__Task to complete__
Retype word for word the first line of the listing and each line after it up to the line with "Antique Napoleonic era", with the pictures taken out.

__Information supplied__
================

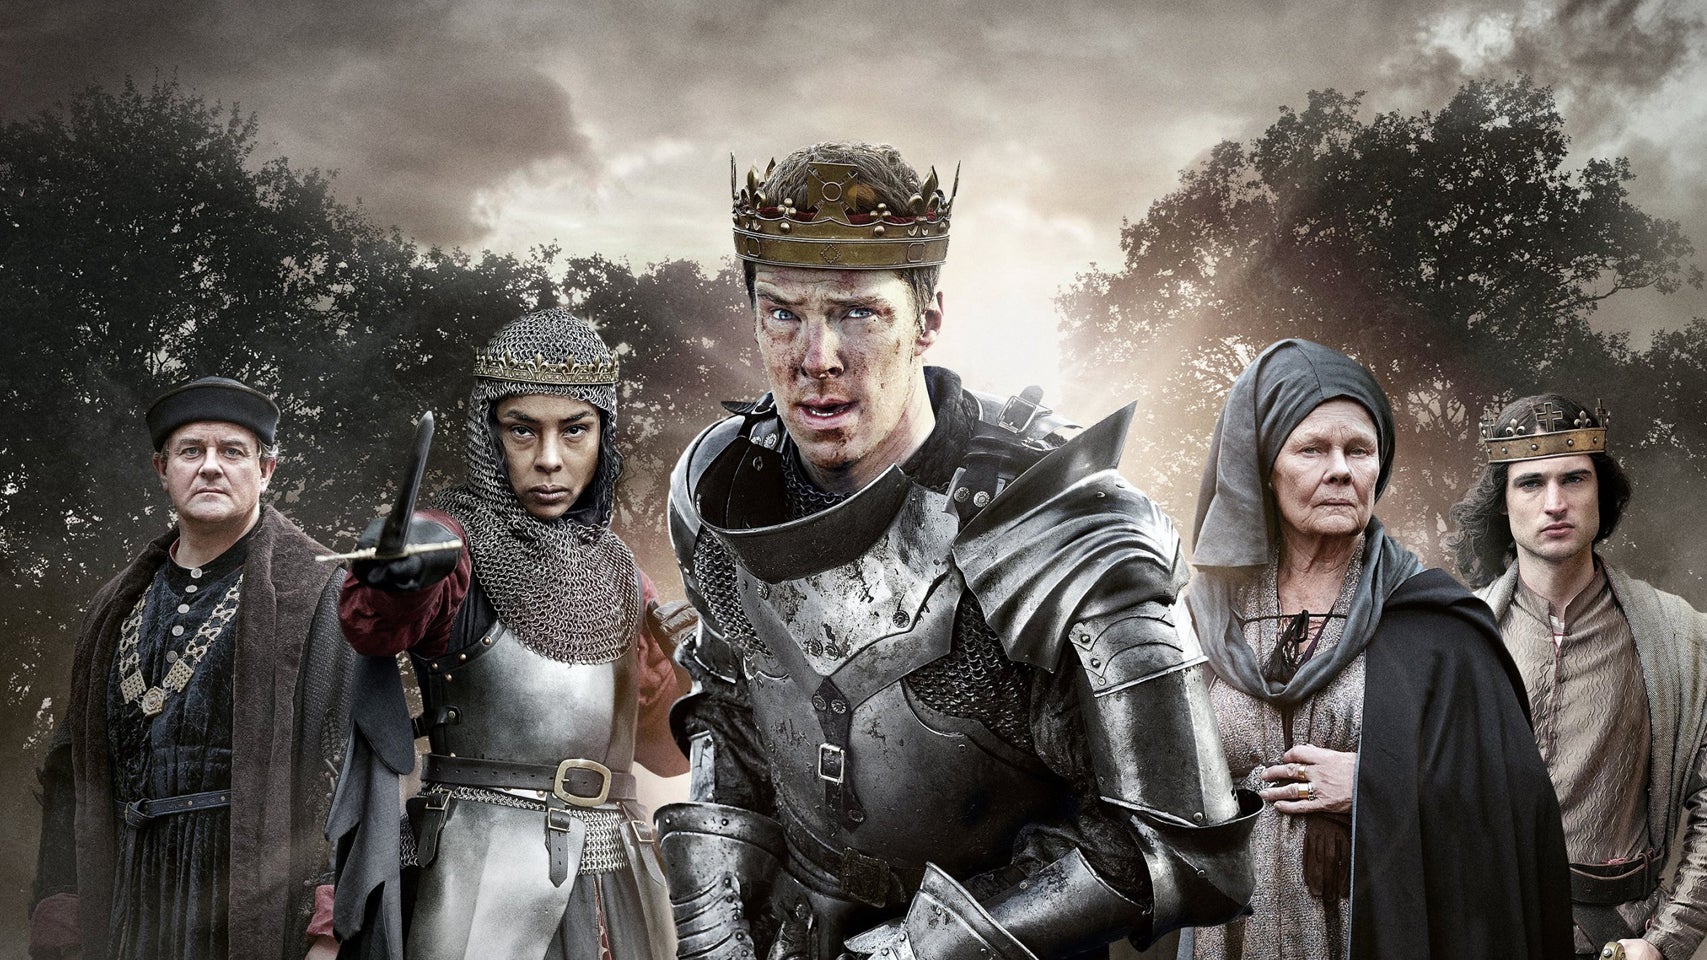 The cast of The Hollow Crown
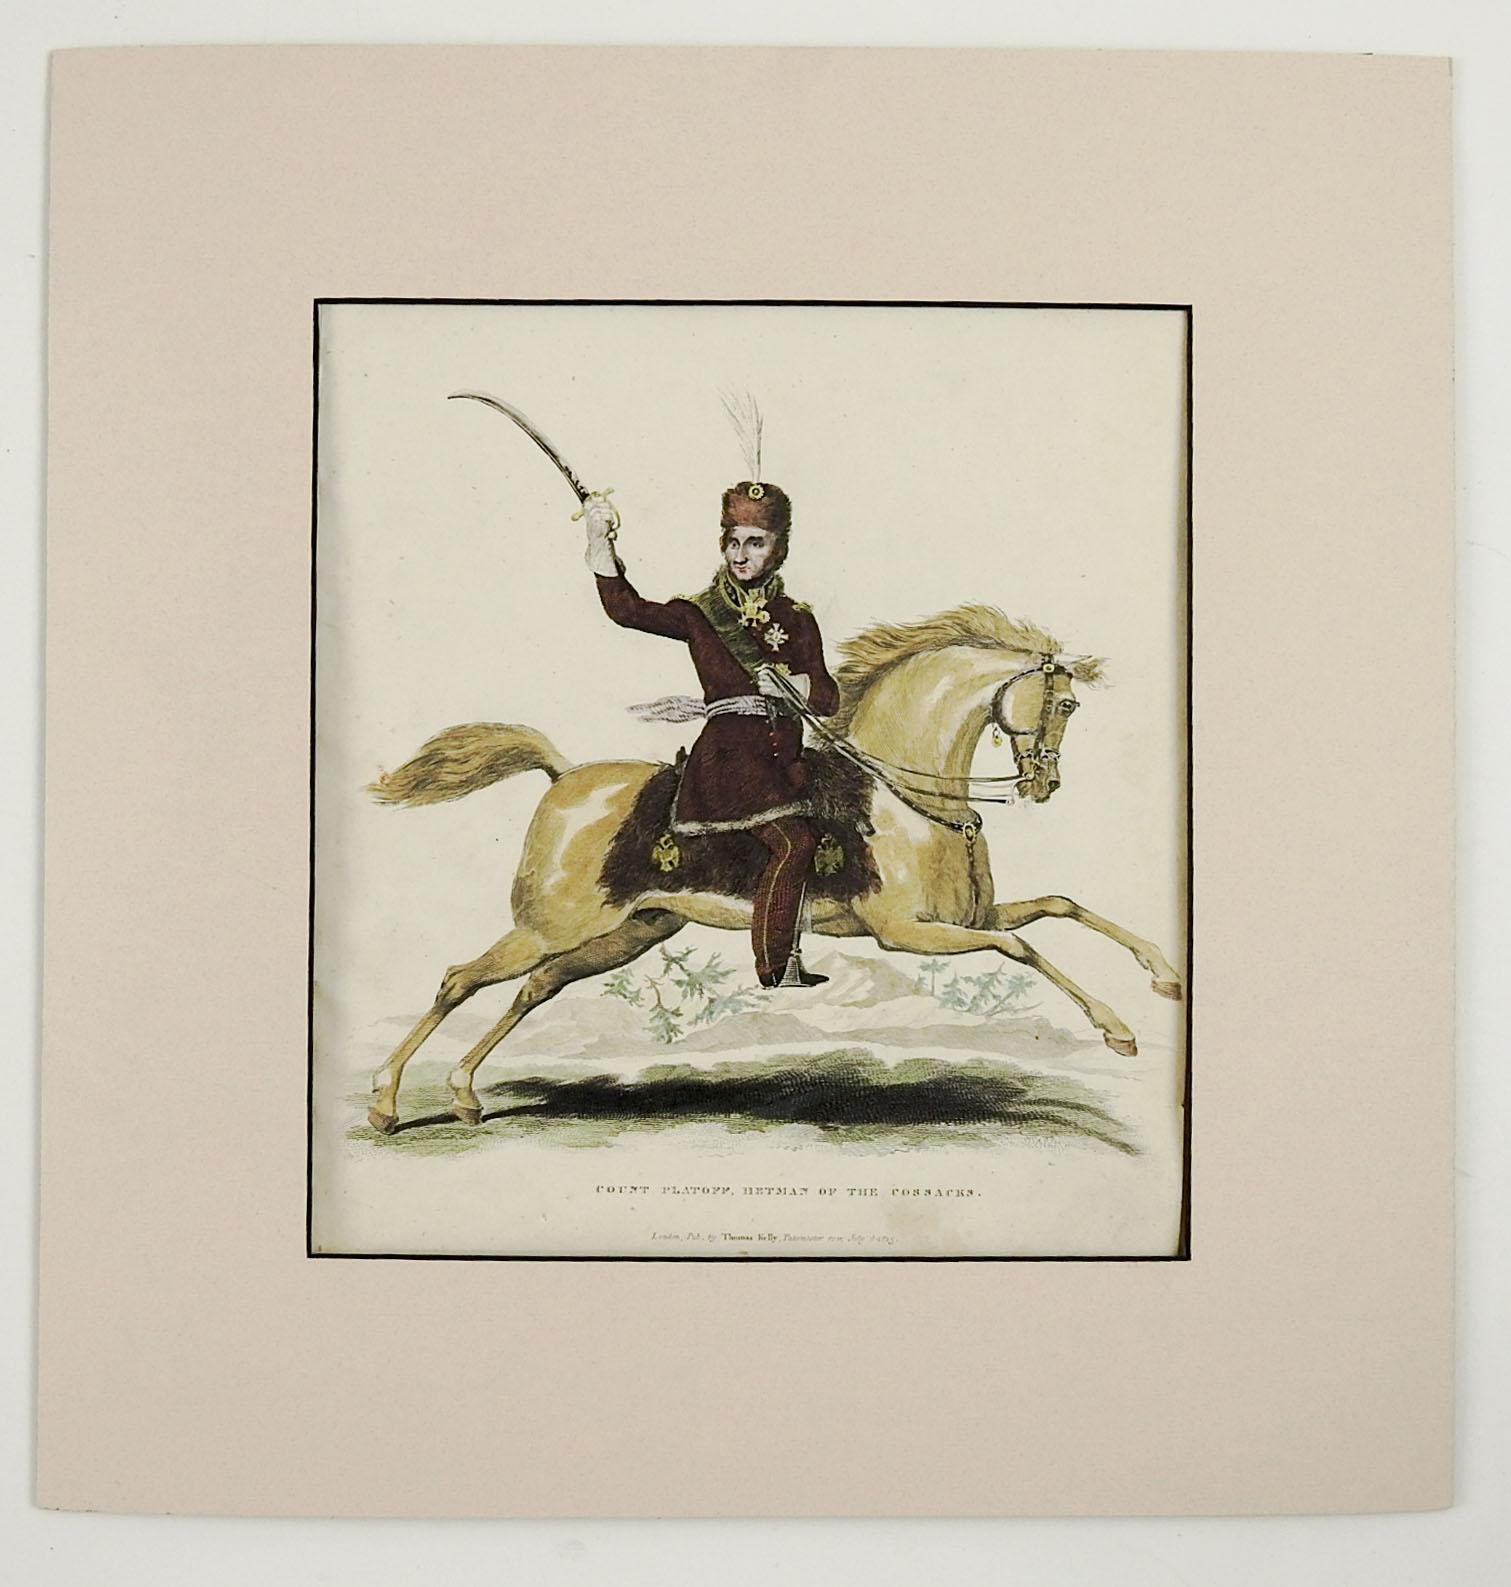 Antique Napoleonic era count Platoff Hetman of the Cossacks etching published by Thomas Kelly, London 1815. Unframed. Displayed in mat and backing. Opening size 7.5
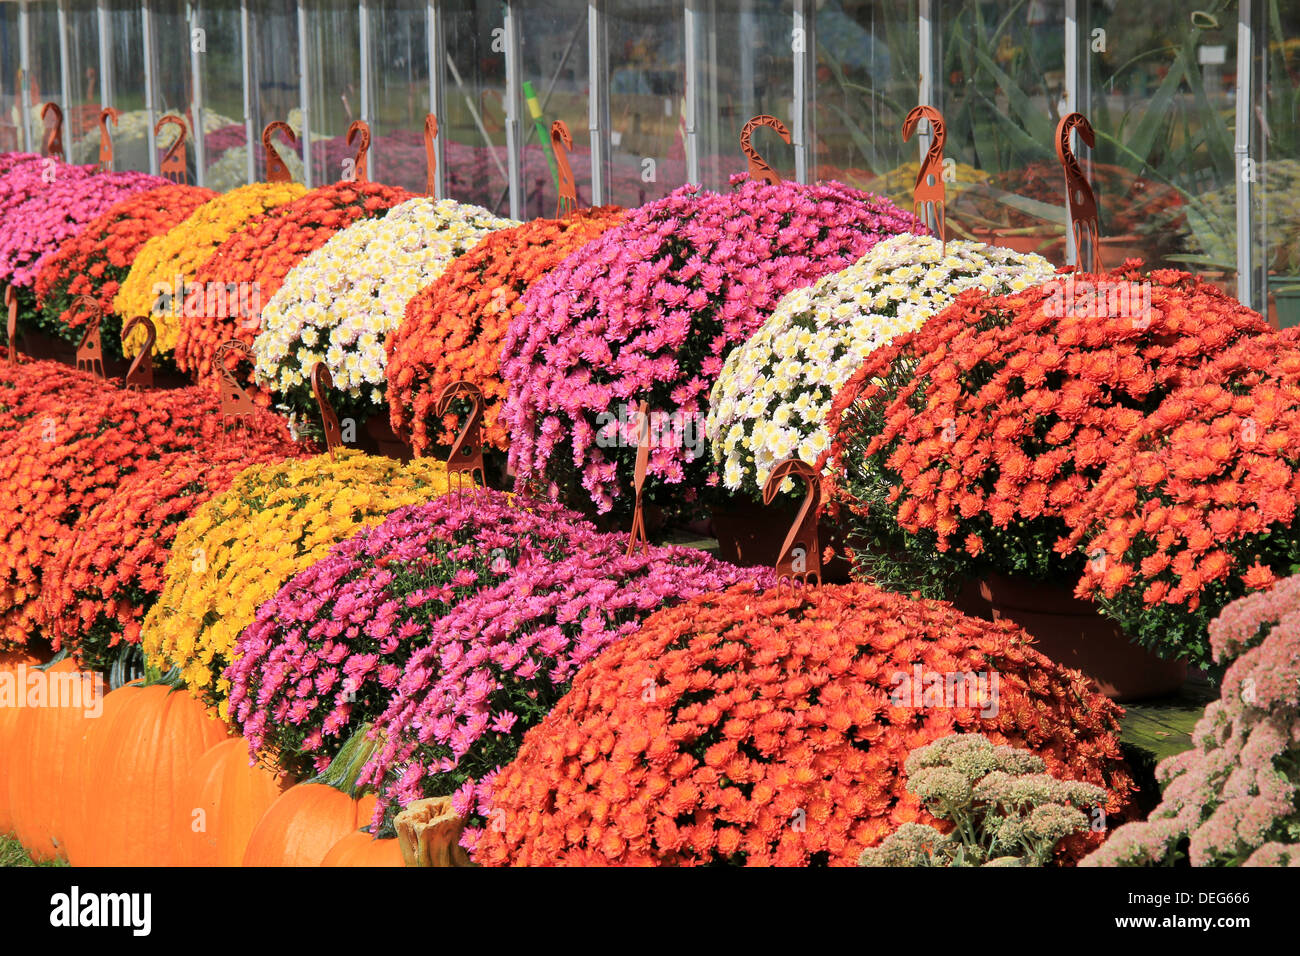 Rows of several lush,colorful hardy mums in hanging planters and clay pots, with big orange pumpkins set outside on benches at local nursery. Stock Photo

================

__Your solution__
 The cast of The Hollow Crown
 Antique Napoleonic era count Platoff Hetman of the Cossacks etching published by Thomas Kelly, London 1815. Unframed. Displayed in mat and backing. Opening size 7.5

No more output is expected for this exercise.